Lawsuit: CVS pricing actions same as accused of in Ohio

http://www.dispatch.com/news/20180406/lawsuit-cvs-pricing-actions-same-as-accused-of-in-ohio

Pharmacy giant CVS has billed the government far more for seniors’ drugs than it paid to retail pharmacies, an executive with insurer Aetna alleges in a federal whistleblower suit that was unsealed this week.

The executive, Aetna’s chief Medicare actuary, said that CVS admitted to a practice known as “spread pricing.”

“Our contention is that (CVS) Caremark did a good job negotiating good prices with the pharmacies, but did not pass those prices on,

to the federal government, Susan Schneider Thomas, the lawyer handling the case, said in an interview.

CVS said the claims are false.

Allegations of the same practice are at the heart of an intense dispute over Ohio’s $3 billion Medicaid managed care business.

The administration of Gov. John Kasich and legislative leaders are pushing for more transparency to see if CVS is using its business managing Medicaid prescription funds to pay retail pharmacies far less than it’s getting from the state.

Independent pharmacists have accused CVS of simultaneously over-billing taxpayers and pushing out competition for its retail chain

— an allegation CVS also strongly says is untrue.

CVS hasn’t answered whether it’s engaged in spread pricing in its work as pharmacy benefit manager to four of Ohio’s five Medicaid managed-care plans. After The Dispatch reported claims of spread pricing, state officials announced this week that they would seek data from CVS and other companies to determine whether that’s the case.

The whistleblower suit unsealed this week was filed in 2014 in Philadelphia under the federal False Claims Act, which protects those who claim the government is being defrauded and entitles them to a percentage of funds collected by the government if their claims pan out. Under the law, the government can collect three times the amount a court determines it was fraudulently billed, plus other damages.

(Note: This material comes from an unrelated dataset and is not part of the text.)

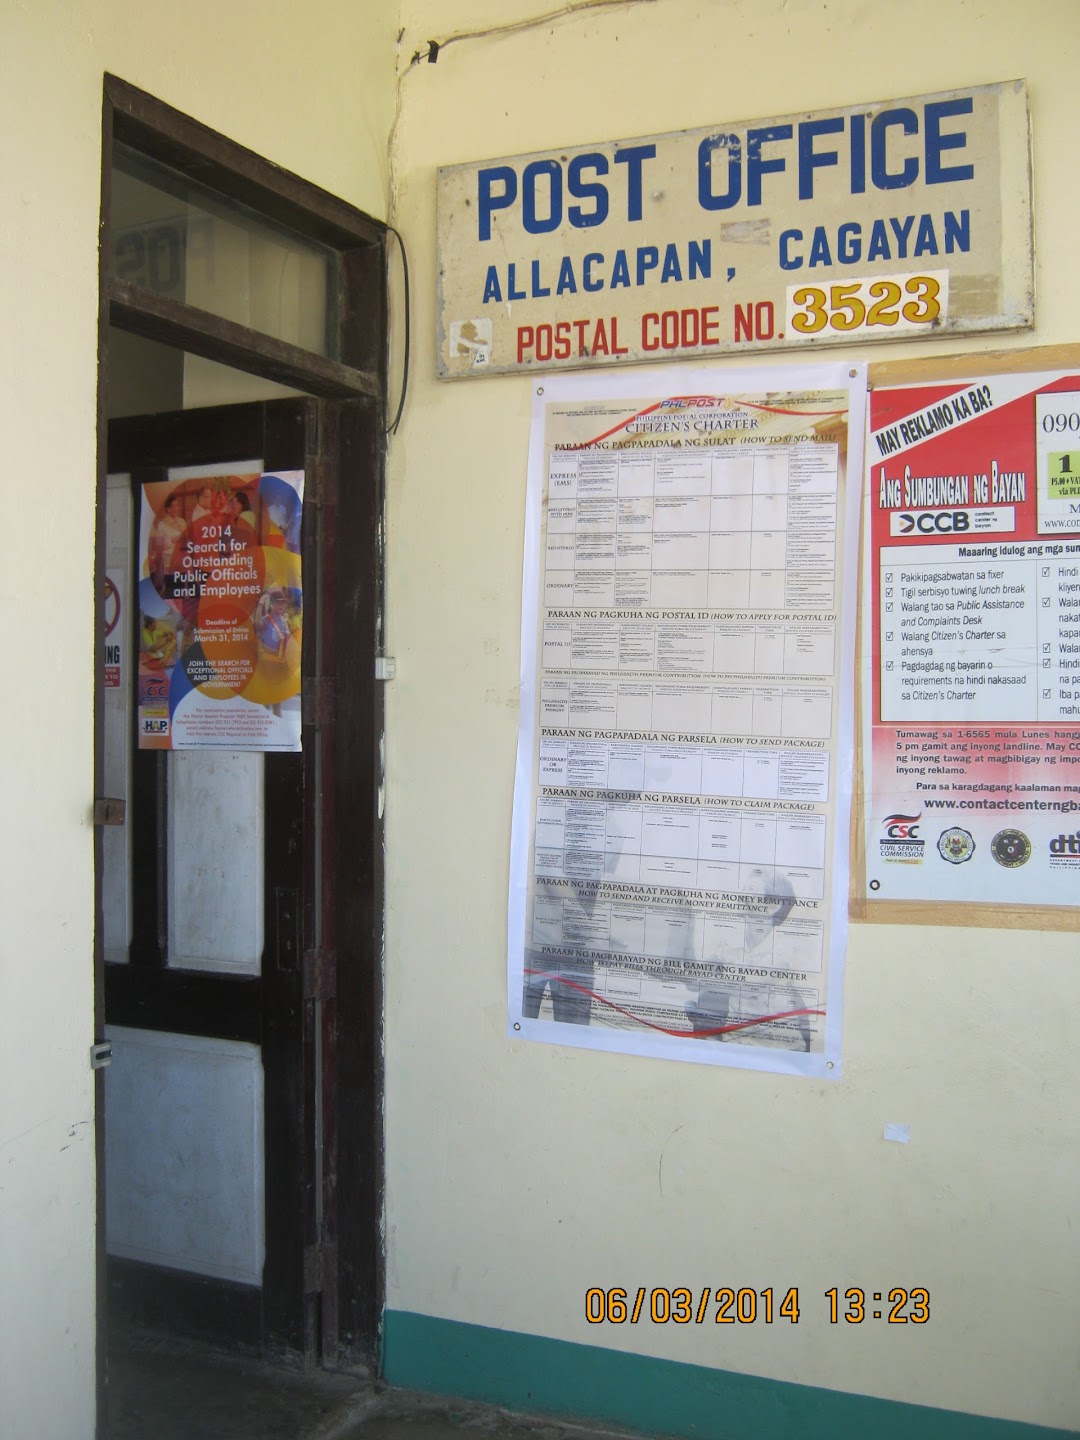 Allacapan Post Office
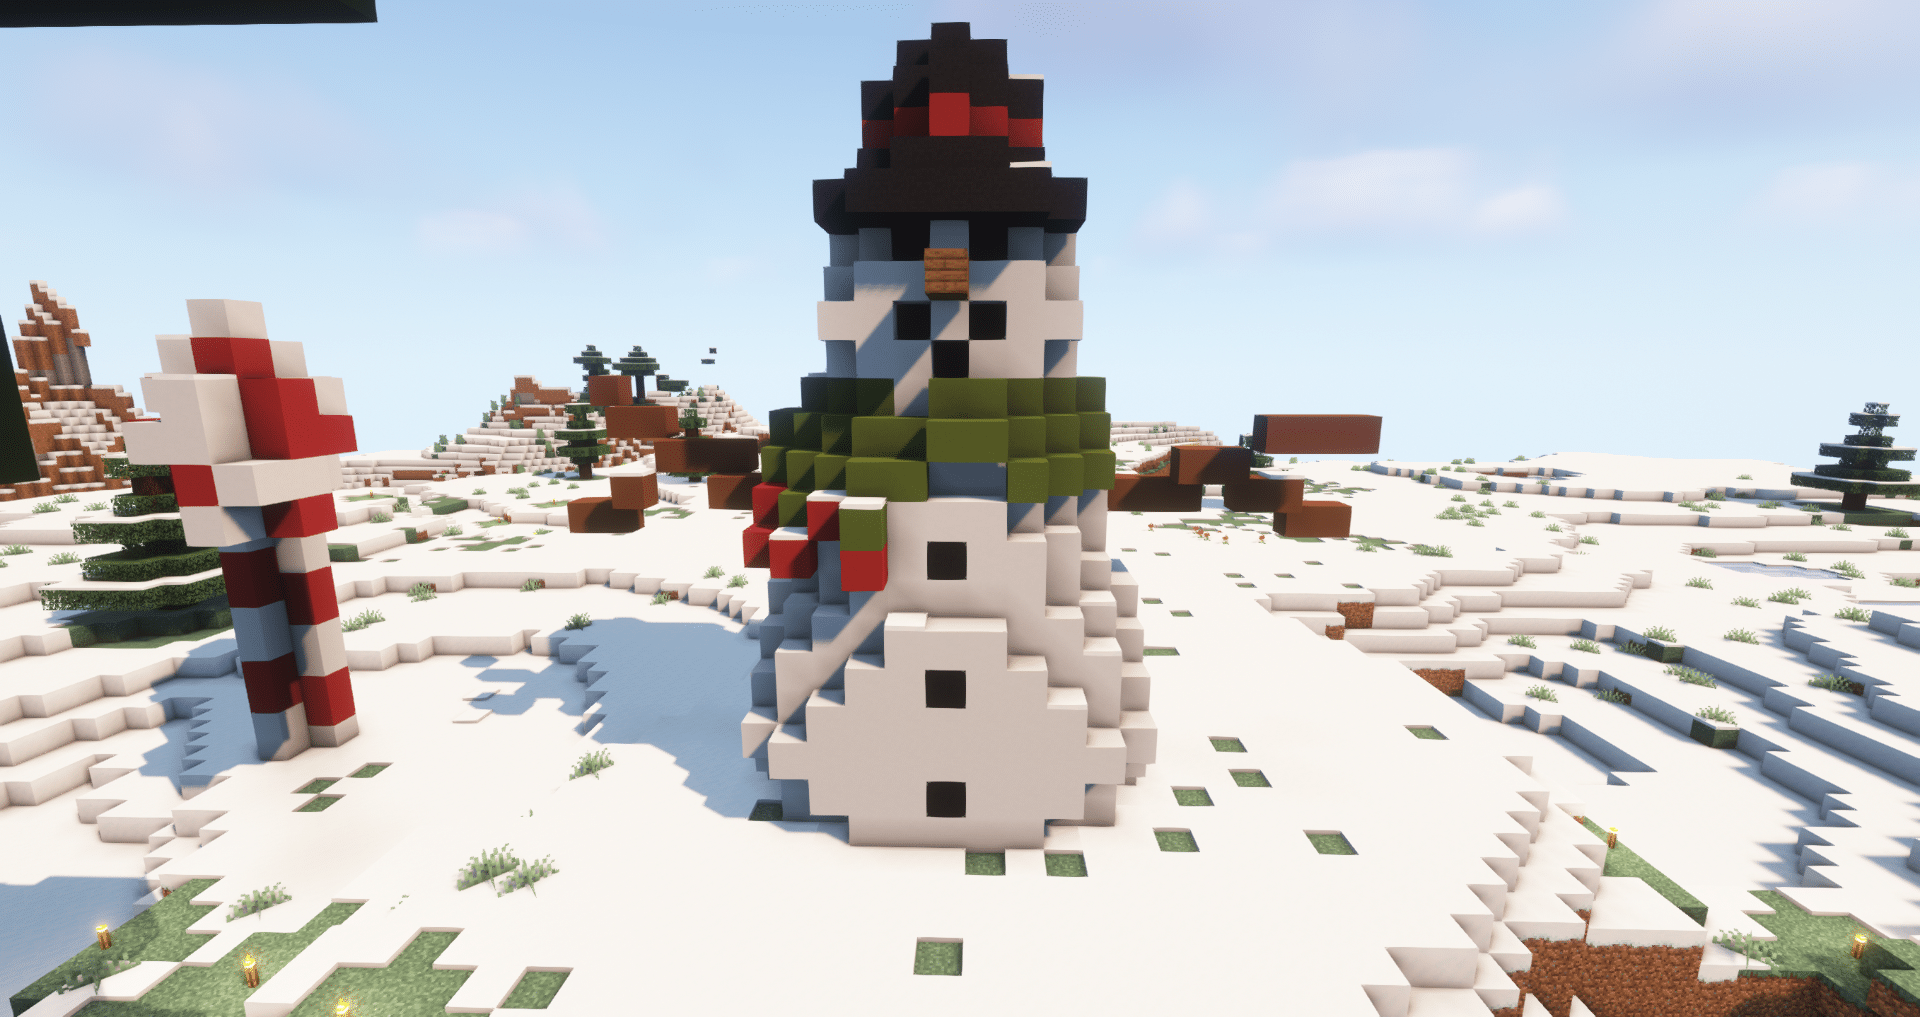 Building a Snowman in Minecraft

In this case, the whistleblower, Sarah Behnke, “estimates that this deliberate fraud has cost (Medicare) and beneficiaries well over $1 billion,” a statement by Thomas’s law firm says.

Aetna, which CVS is in the process of trying to buy, manages Medicare Part D plans for 750,000 beneficiaries nationwide. It contracts with CVS Caremark to be its “pharmacy-benefit manager” — a middleman that negotiates rates, pays pharmacies and bills the government.

In 2013, Behnke determined that the prices Aetna was paying for drugs “were as much as 25 percent to 40 percent higher than its competitors’ prices, or far less competitive than Aetna’s size would seem to dictate,” the lawsuit says.

She and other senior Aetna officials met with their counterparts at CVS Caremark.

“In a virtual admission of liability under the Medicare statute and Part D regulations, (CVS Caremark Senior Vice President) Allison Brown responded that the Caremark defendants had negotiated lower prices on Aetna ’s behalf, but it was not required under the contract to provide those prices to Aetna,” the lawsuit says.

Thomas, the lawyer handling the suit, said it’s OK under federal Medicare rules for CVS Caremark to bill Aetna more for a drug than it pays pharmacies. But it’s required under a 2010 rule to report the prices it paid to pharmacies to the U.S. Centers for Medicare and Medicaid Services — a rule the lawsuit says CVS ignored.

CVS denied the claims.

“We believe this complaint is without merit and we intend to vigorously defend ourselves against these allegations,” spokesman Michael J. DeAngelis said in an email. “CVS Health complies with all applicable laws and CMS regulations related to the Medicare Part D program. Also, contrary to these false allegations, CVS Health is committed to helping both patients and payors with solutions to lower their prescription drug costs.”

DeAngelis also said that the U.S. Justice Department filed a “notice of declination” of the suit. However, the case docket says that the justice department won’t intervene “at this time” — an important distinction, Thomas said. Whether the feds intervene or not, the court case will proceed, she added.